Matturro has the Ph.D. in English, worked at the “Times Union” for years and taught literature at the University at Albany, but his obsession is with the classics and he has in fact rewritten the stories of Perseus, Medea and Helen of Troy, as novels.

Set near the Berkshires, east of Albany, “Shepherd” is not so direct, but the classical spine is still there. Stuart Brown, a recently retired professor of classics, polite but distant, in mourning over the death of his wife, still depressed, goes each morning to the local coffee shop named The Laurel Tree, in Peneus, New York, where he meets Daphne.

The name of the coffee shop and the town should have been a signal, albeit a subtle one. Peneus is in Greek mythology the river god, and Daphne is his daughter. Cupid has caused Apollo to be madly in love with Daphne but he cannot catch her. She finally escapes his pursuits by changing into a laurel tree.

Stuart Brown is not Apollo but he becomes interested, then infatuated, with Daphne, who seems to be a dowdy, fairly simple-minded woman of about 50 who arrives each day by bicycle and does not own a television. She restocks the local supermarket’s shelves each evening. Slowly, Stuart Brown comes to know Daphne, whose last name is Greek, Kastanos. Few would know this, but Stuart does: Kastanos is Greek for brown. What are the chances?

Daphne has, of course, a German shepherd, the smartest and most emotionally mature of all the breeds—protective, faithful, intelligent—named Corin. Stuart slowly realizes Daphne is, like him, wounded. She holds herself aloof, and, he suspects, is not who she appears to be. He investigates. This is the age of Google, after all.

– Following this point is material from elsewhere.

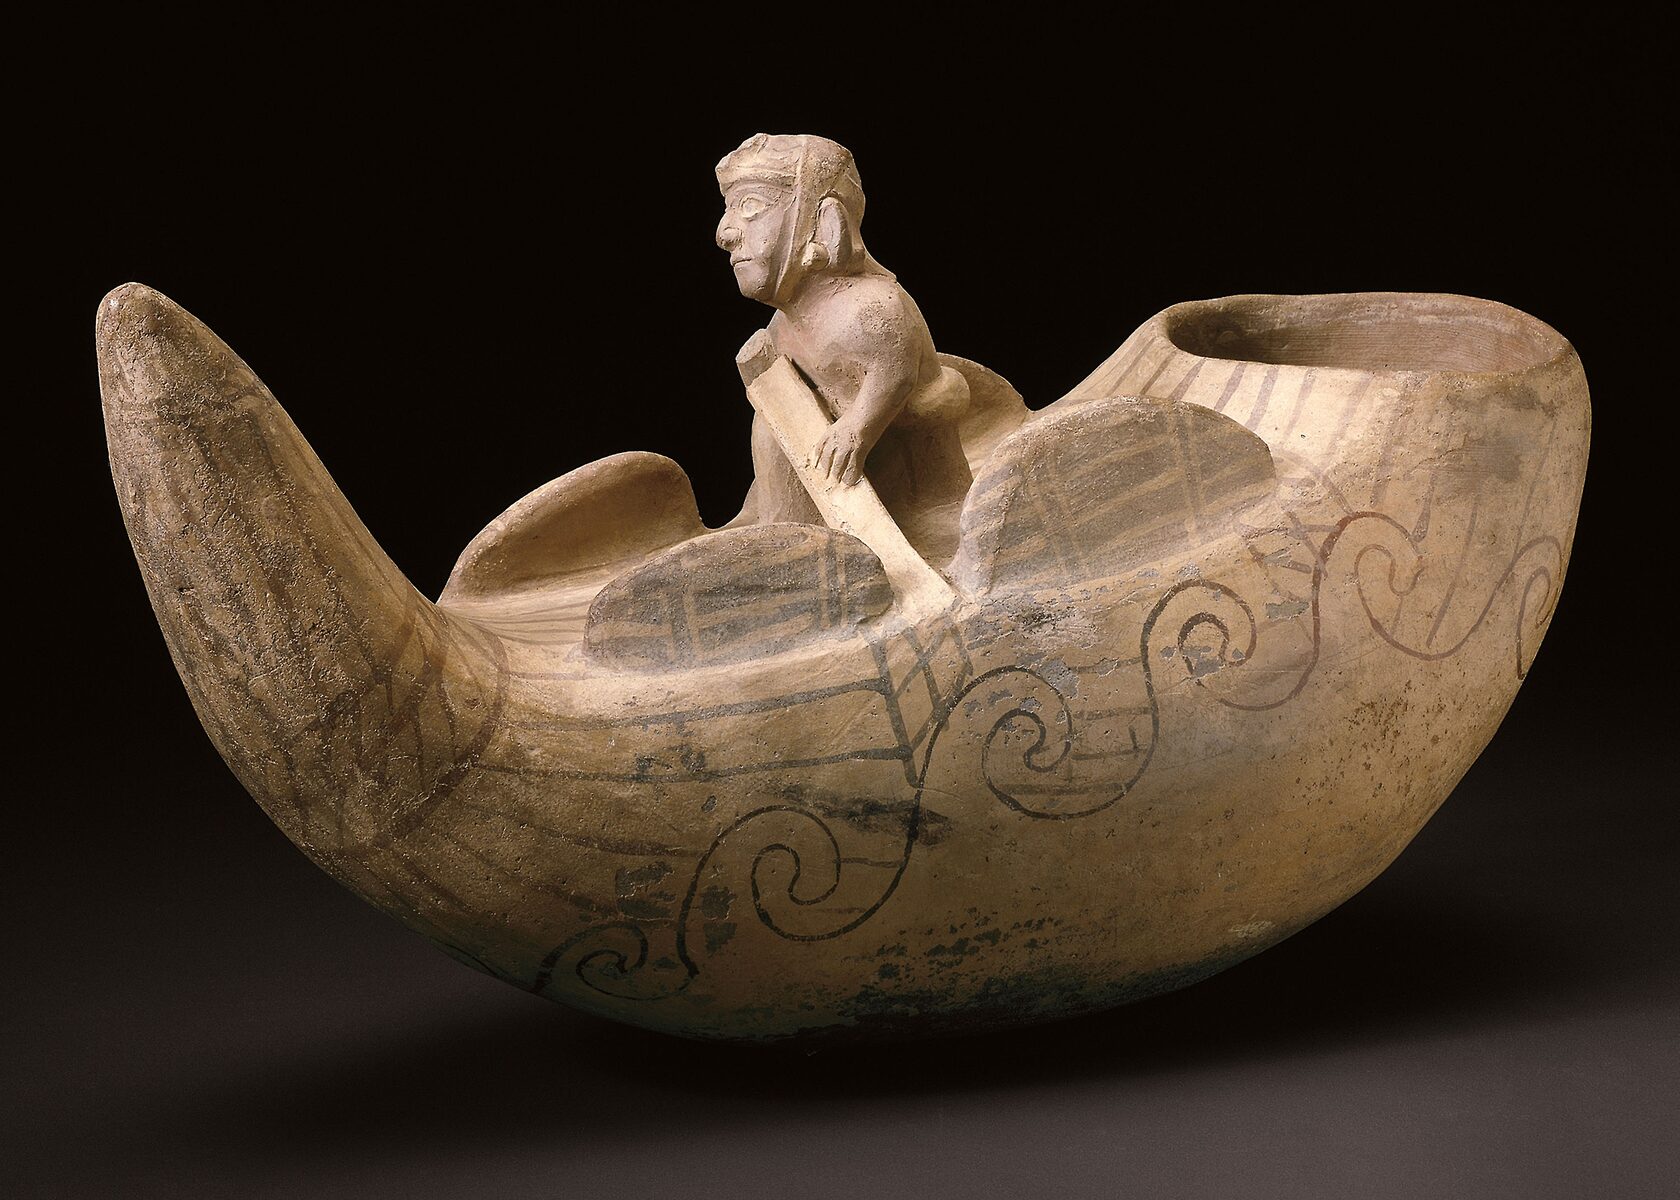 Сосуд в виде лодки с рыбаком. Моче, 100 гг. до н.э. - 500 гг. н.э. Коллекция The Art Institute of Chicago.

The main plot is a love story, between emotionally vulnerable, fragile people. This is a very quiet novel—not an action thriller—but an insightful, wise and rewarding novel. Stuart learns who Daphne is—or was—and why she has become reclusive. They must together open up, warm to the possibility of affection and trust.

Along the way, however, Matturro has Stuart read and evaluate a new translation of the “Aeneid” and counsel a young man who wants to pursue a doctorate in Classics. His advice is bleak, guarded: only if you MUST. There are no jobs and academic life is a snake pit. No one anymore doubts that. Better to quit and write lovely novels.

Don Noble , Ph. D. Chapel Hill, Prof of English, Emeritus, taught American literature at UA for 32 years. He has been the host of the APTV literary interview show "Bookmark" since 1988 and has broadcast a weekly book review for APR since November of 2001, so far about 850 reviews. Noble is the editor of four anthologies of Alabama fiction and the winner of the Alabama state prizes for literary scholarship, service to the humanities and the Governor's Arts Award.